By Josh Chetwynd
Rhode Island has become the latest Northeast state jumping on the bandwagon to prevent insurers from using price optimization in setting rates.
On Sept. 18, Rhode Island’s Insurance Division put out a warning to all personal lines property/casualty insurers that if they’ve used price optimization in their rate policies, they have 60 days to re-submit their filings in a way that doesn’t use that tactic.
The concept of price optimization, which is also known as a “loyalty penalty,” takes into account the likelihood that a client might leave an insurer and changes rates based on that probability. Under this strategy, clients more prone to leave will be incentivized with lower premiums.

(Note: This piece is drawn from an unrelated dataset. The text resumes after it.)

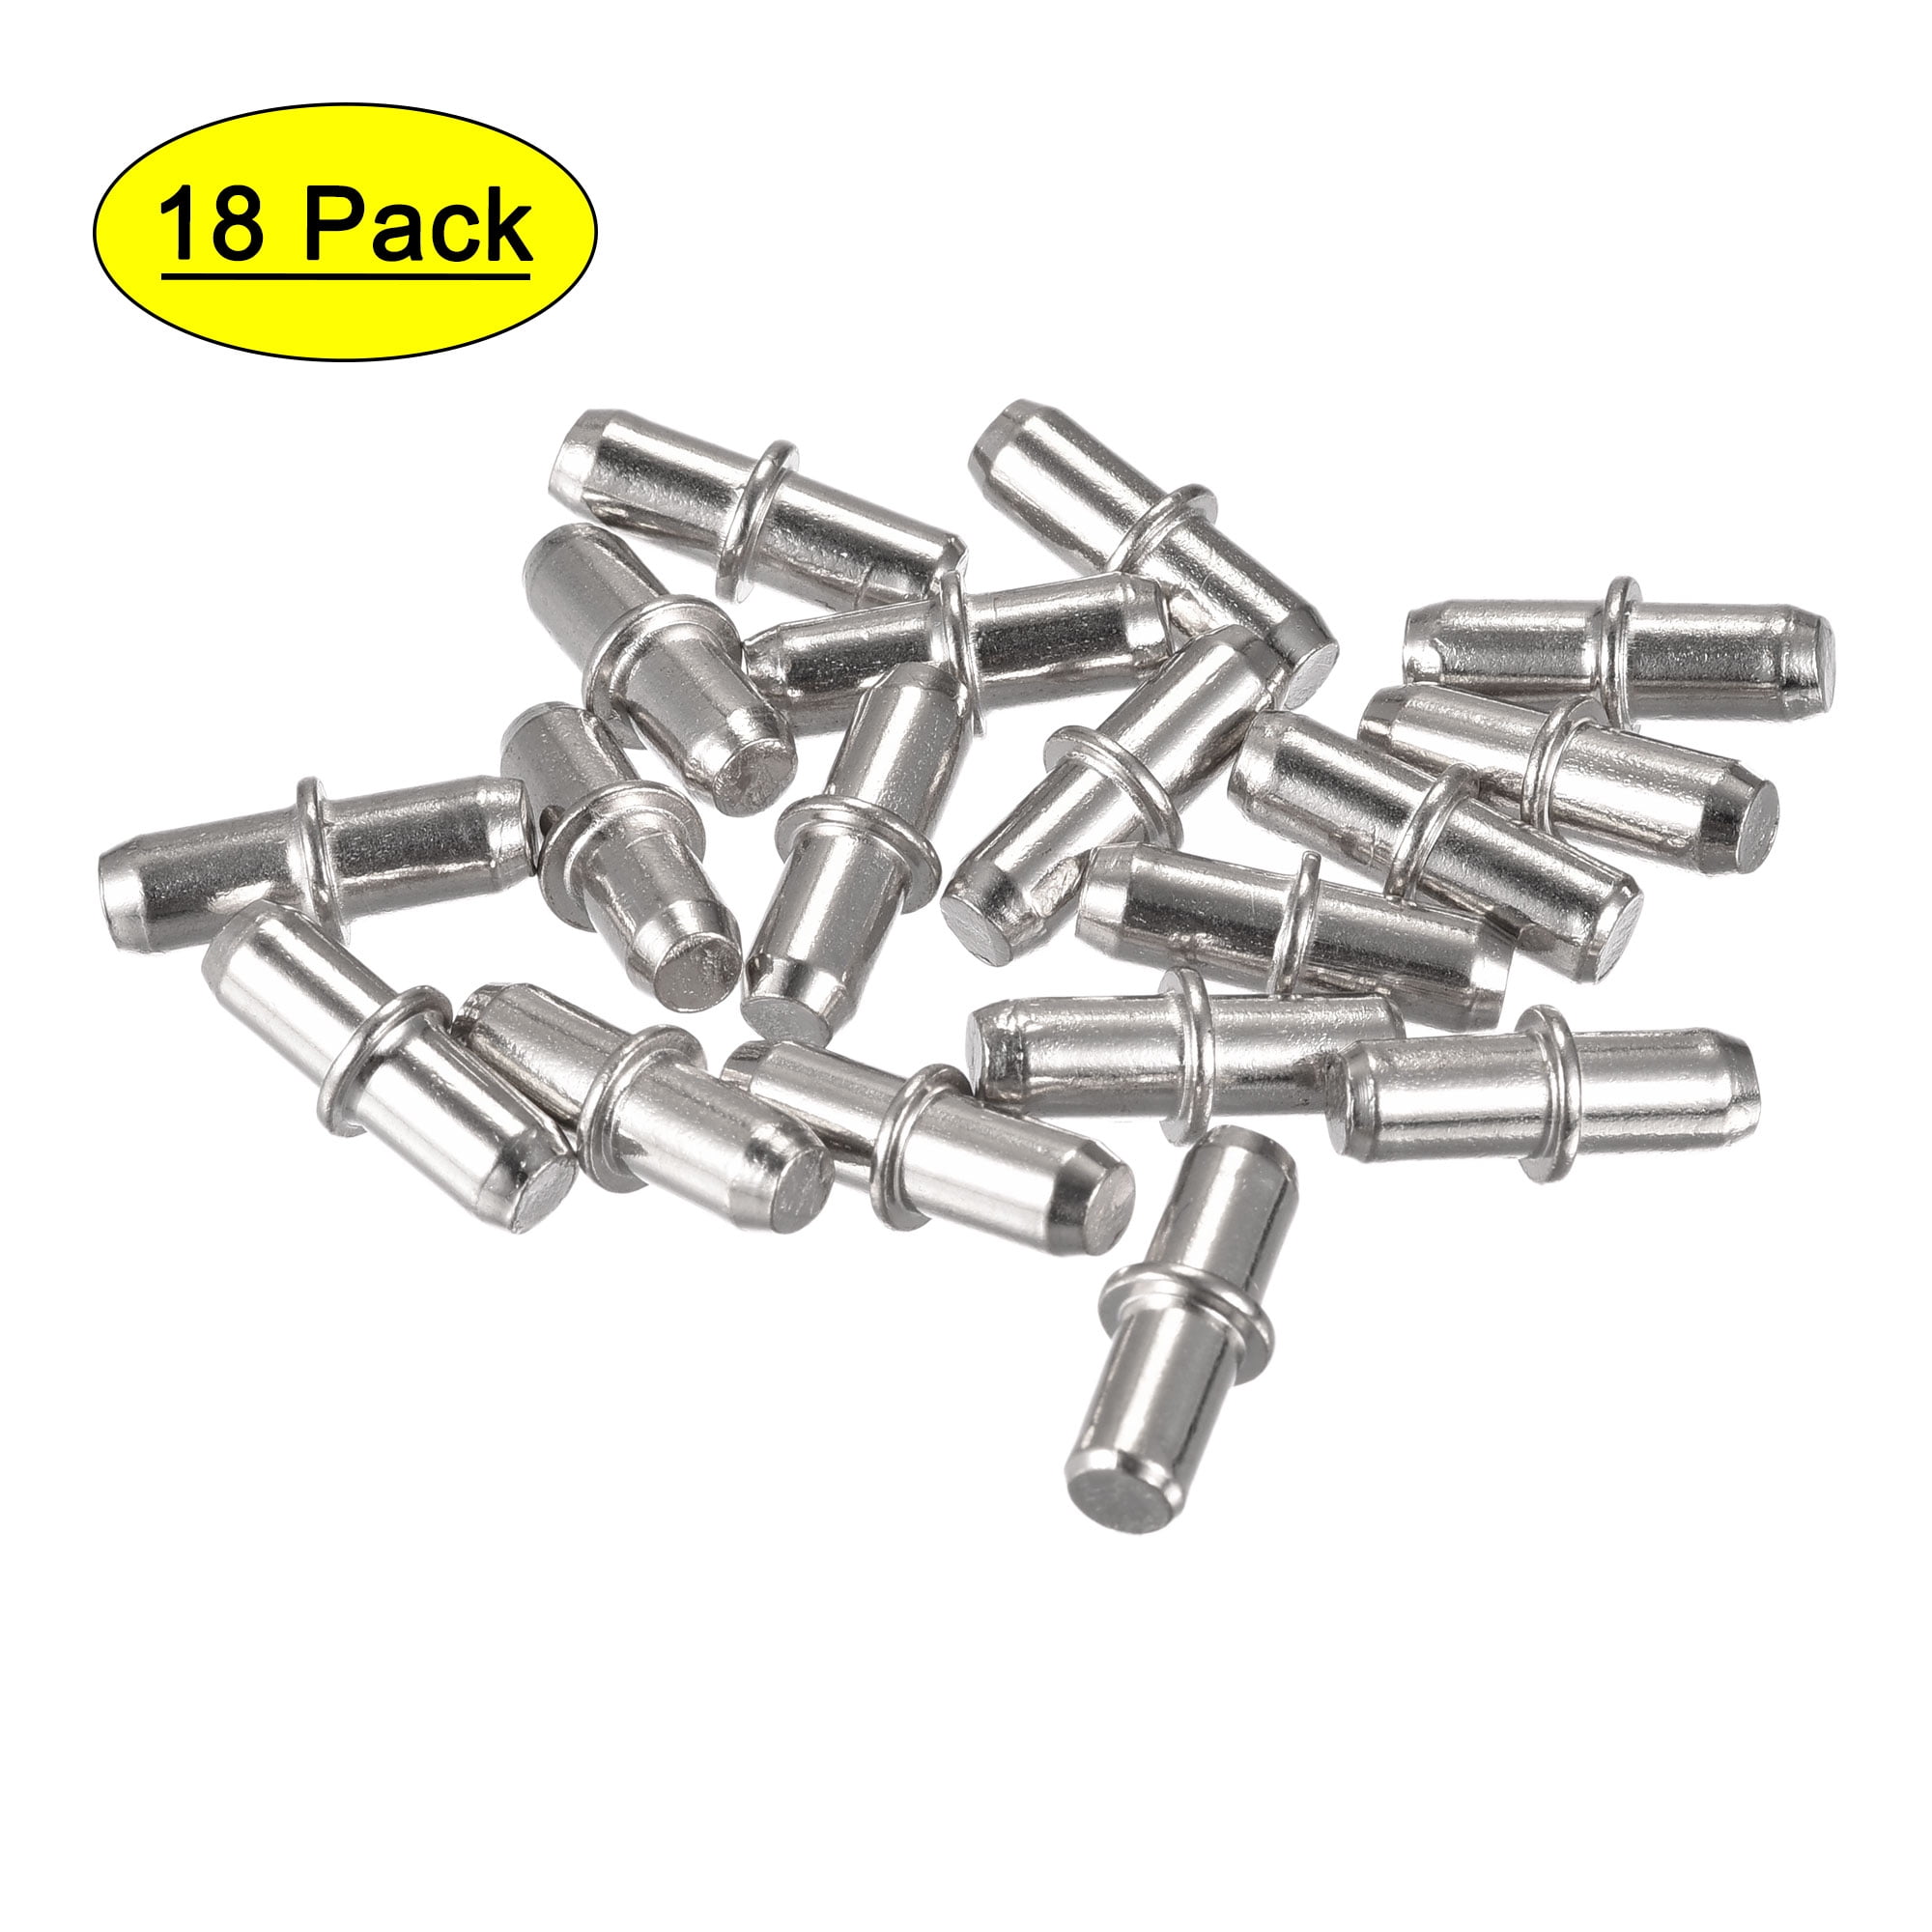 POWERTEC 5mm Shelf Pins, 50PK L-Shaped Bracket Style, Cabinet Shelf Pegs, Shelf  Peg 5 mm, Nickel (QP1302) 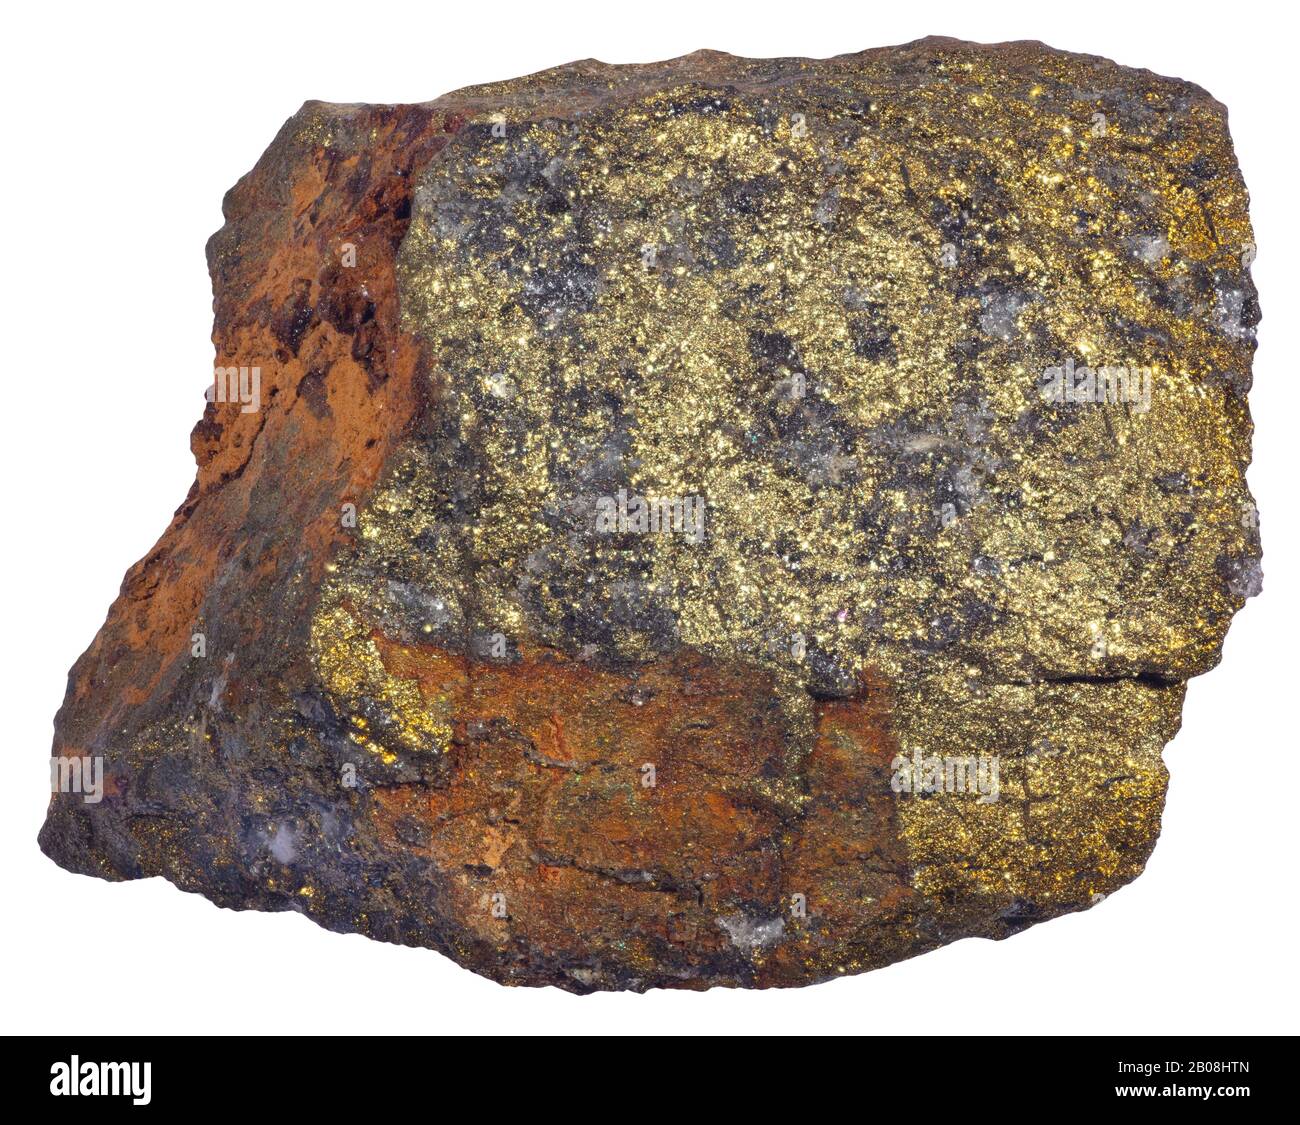 Pentlandite, Sudbury (Ontario) Le Pentlandite est un minéral jaune bronze composé d'un sulfure de fer et de nickel et qui est le principal minerai de nickel Banque D'Images

Over the past few months, state governments throughout the region have been working to abolish this practice.
Rhode Island’s decision mirrors an announcement made by Maine’s insurance department on Aug. 24. That state also set a 60-day window for its state’s personal lines property/casualty insurers to excise any price optimization from their premium calculations.
Beyond those specific deadlines, other regional regulators have provided broader warnings.
reported on Aug. 31
that the Pennsylvania Insurance Department warned insurance companies that they were prohibited from utilizing sophisticated computer software or rating model tools to vary premium prices for this purpose.
Likewise, Vermont also hoisted a red flag for insurers who have been making adjustments to rates based on this approach. It is “unfair discrimination” if “price differentials ‘fail to reflect equitably the differences in expected losses and expenses’ for different classes of policyholders,” Vermont’s Department of Financial Regulation said in a bulletin issued on June 24.